Ted Orland is an artist who works with photographic media and the co-author, with David Bayles, of Art and Fear (1993), a book which continues to be widely read by artists familiar with the fear that inevitably arises in their lives--and who are wise enough to learn how to use it rather than allow it to stand in their way. Orland's new book--well, not actually new--is addressed to the working artist; hence the reference to the studio in the title. This is a book about the creative process, not merely "creativity." The latter, as Orland is at pains to point out, is an abstraction. Work in the studio is about the experience of doing it.

As I suggested, Orland covers a good deal of the same material as myself: why bother to make art in a world already saturated with the work of others? What is it that drives the artist, despite the obstacles put in her way by a society that worships money and celebrity and heaps more success on the already successful few, even while ignoring the (sometimes greater) talent of the many?
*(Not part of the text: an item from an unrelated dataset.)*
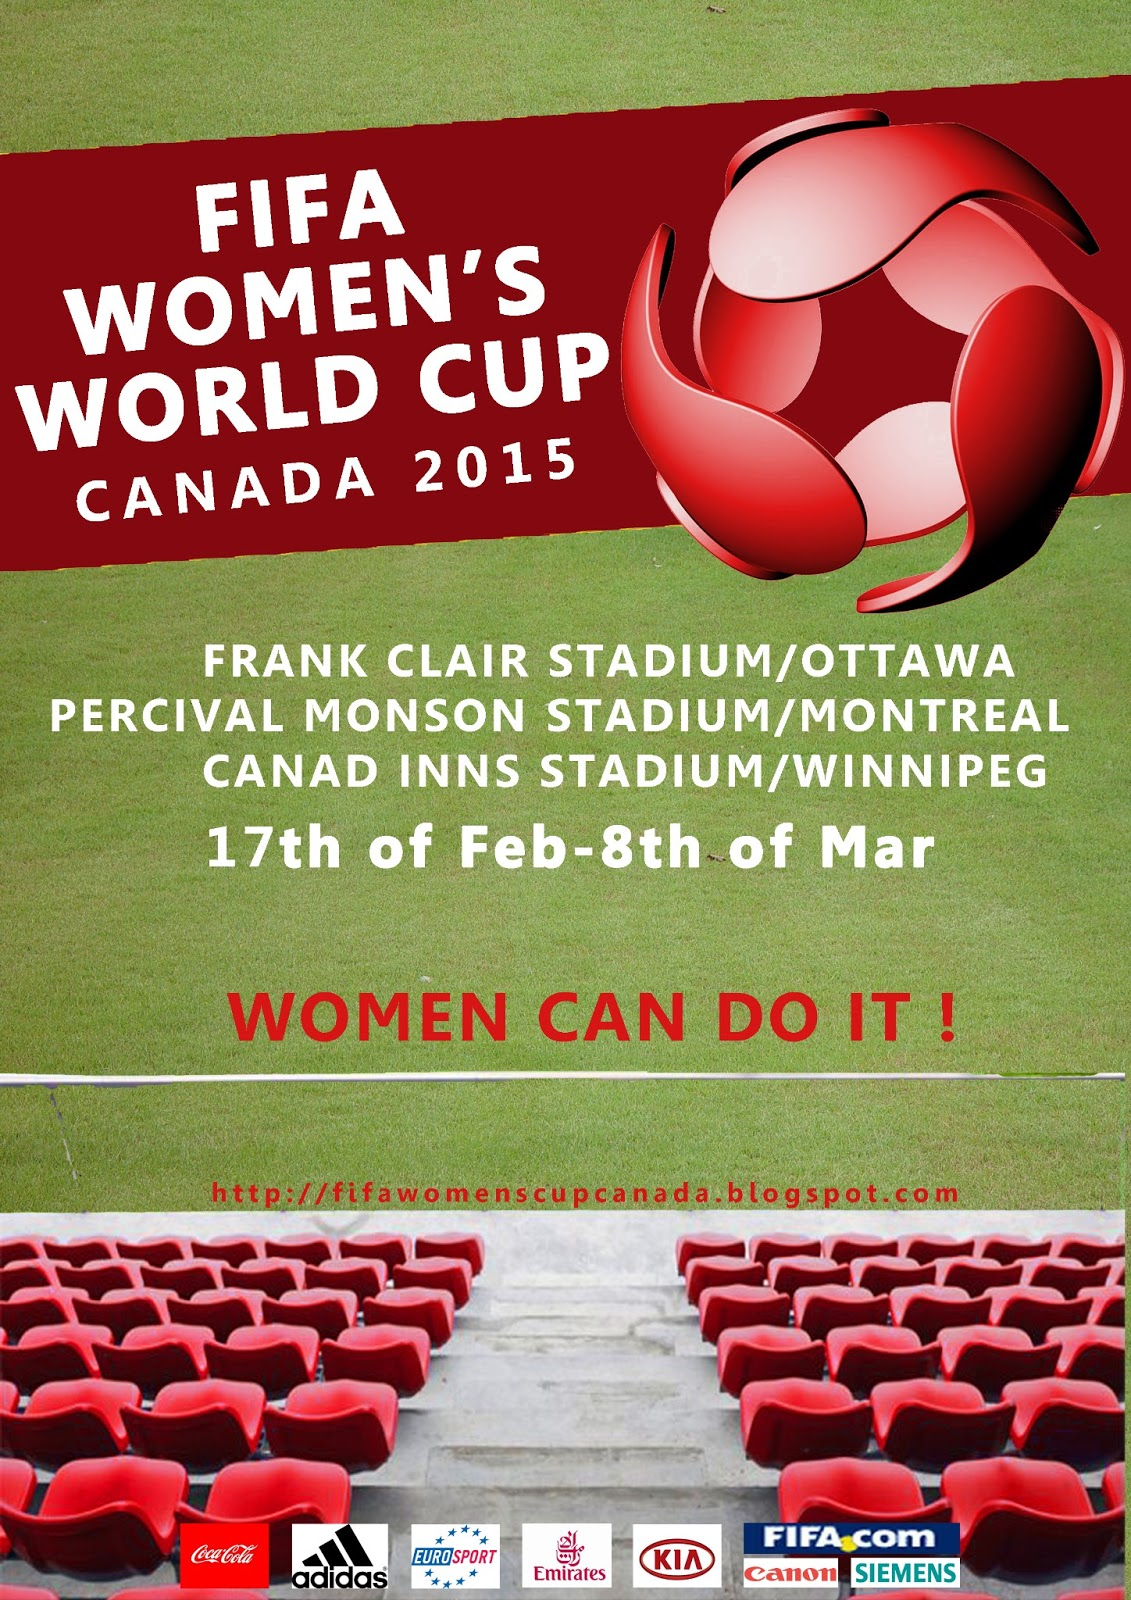 Fifa womens world cup canada 2015 logo bet365 mobil poker bet365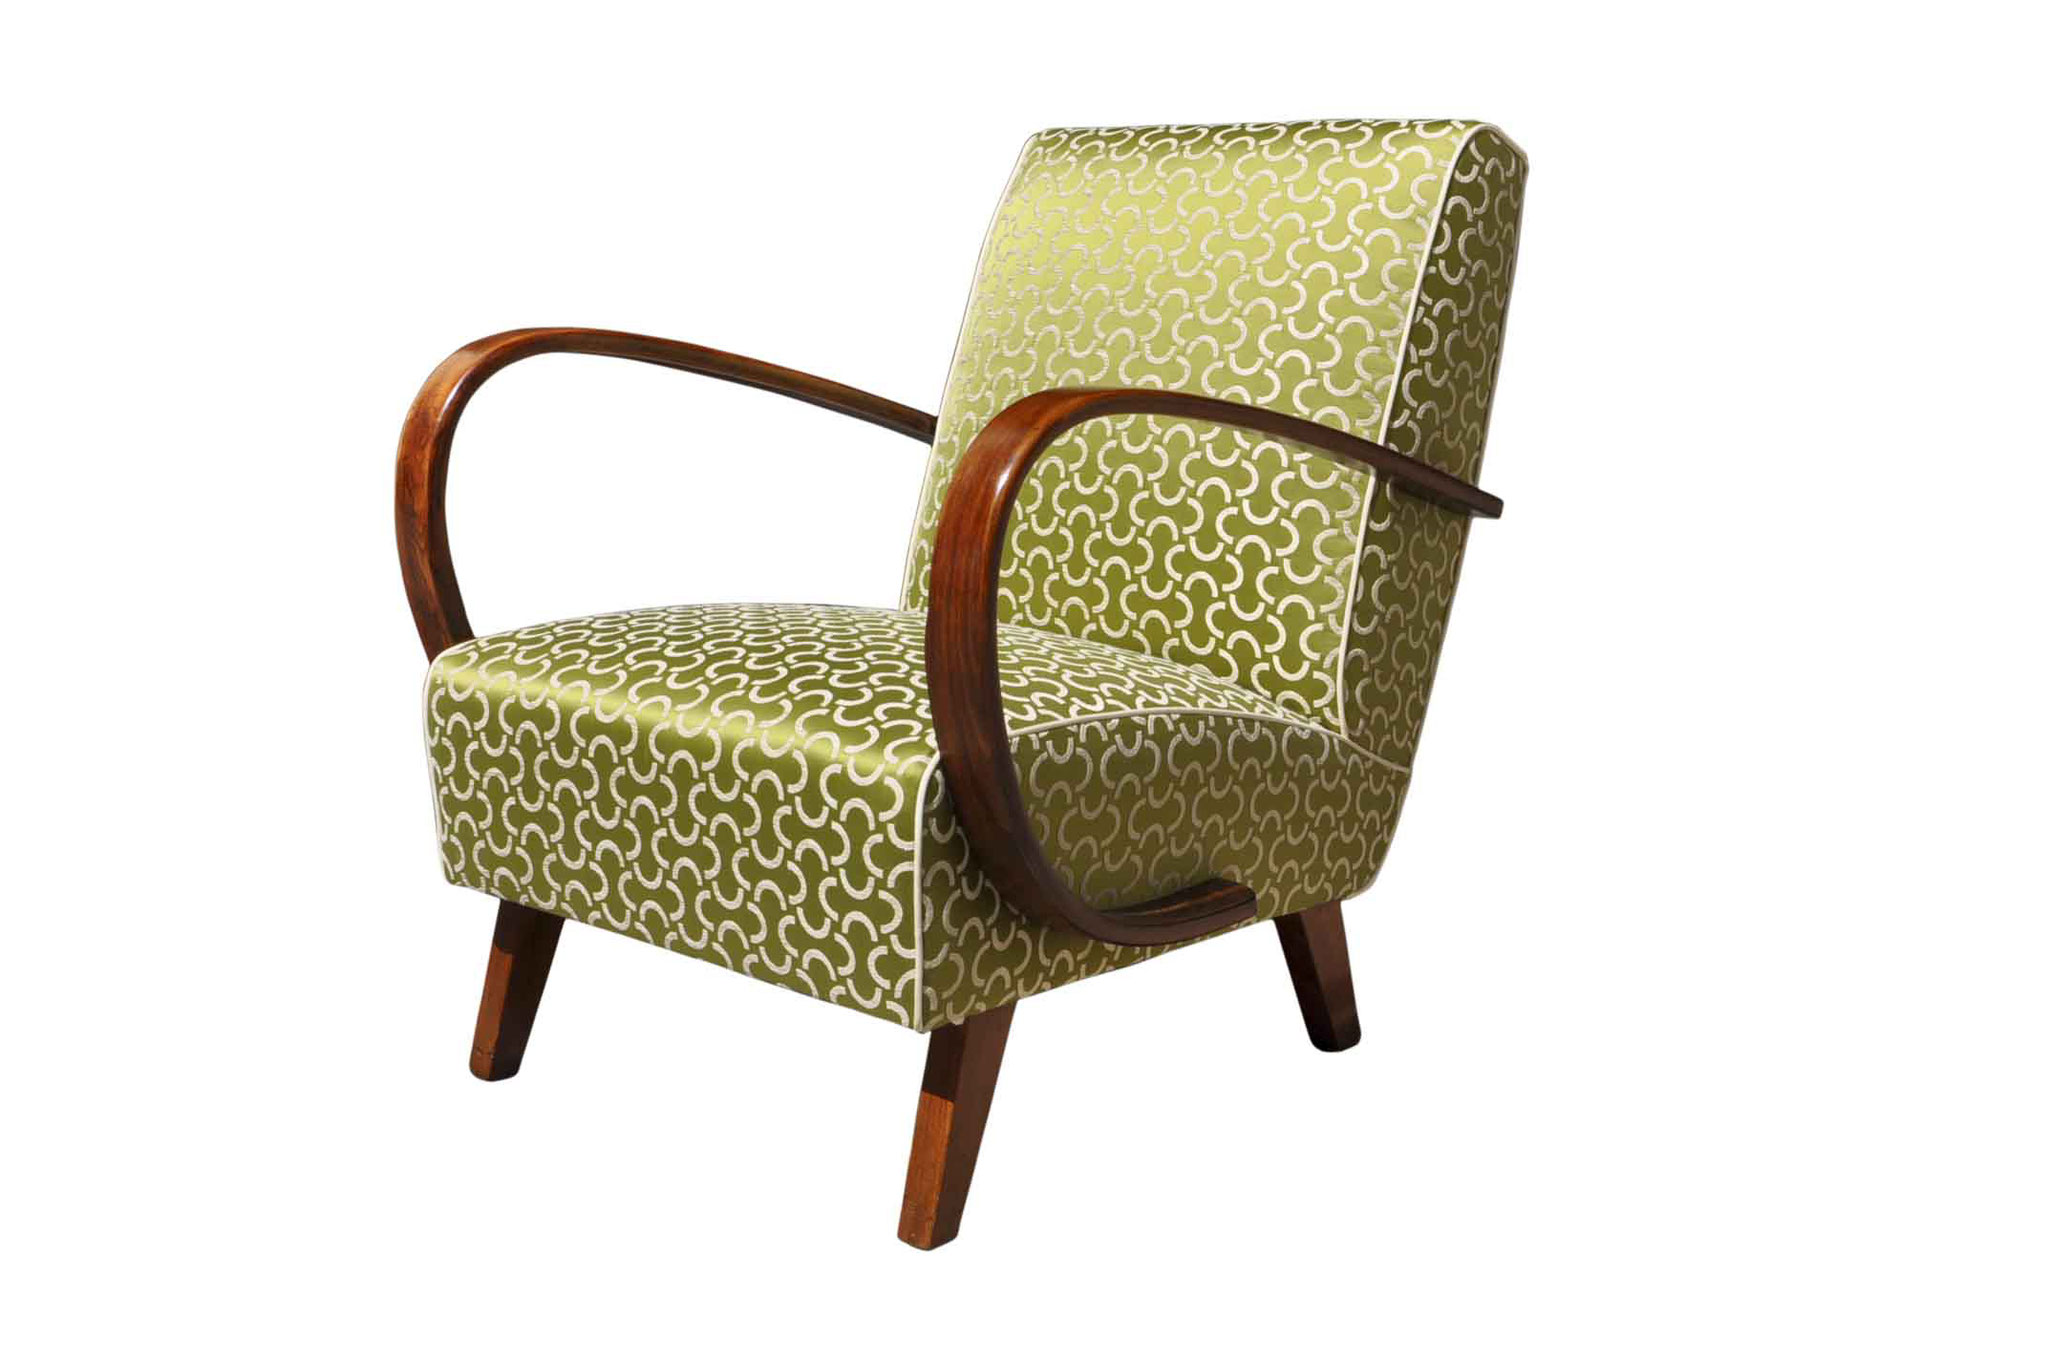 art deco bentwood chair 1930s

How do the rest of us, to use the word from my own title, "persist"? Orland also writes with sardonic humor about a system of education that does everything it can to squelch the creative spirit, and offers his own thoughtful perceptions on how to teach art--and how to learn. He has a light touch with some weighty material.

I also share Orland's conviction that art at its best is not a solitary act of self-expression nor one of technical accomplishment. It's rather a vital and passionate means of communication. For me--and as I read his book, I believe for Orland, too--it's about what makes us human. It's about believing with such passion in my own vision that I am compelled to find ways, through art, to understand and enrich it more completely, and through that process to be able to share it with my fellow travelers on this planet.

Orland also writes persuasively about the need for community. Too many artists, once they leave the privileged and sheltered life of art school, find themselves thrust out into a society that generally ignores them. But art hungers for, and thrives on feedback. Lacking this, the creative spirit can speedily wither and die. Optimally, if we lack this community, the thing to do is go out into the world and create one. Readers of "Persist: the Blog" will be aware of the virtual community to which they already belong. That's another way, for some, though it can encourage even greater isolation. It misses the warmth of actual, living, breathing, face to face, hand to hand human contact that can feed us. It's my impression that Orland's books have created a kind of community of readership. For those who have not yet encountered his work, I'd suggest a visit to his website, where you'll find links to "The View..." as well as to "Art and Fear." Both are valuable handbooks for the working artist (I mean that to include writers, too, and musicians, actors, dancers, and the rest). No matter who you are, or how successful, if the creative process is an important part of your life, they will restore some of the juices to your practice.

Did I mention that they're also a pleasure to read?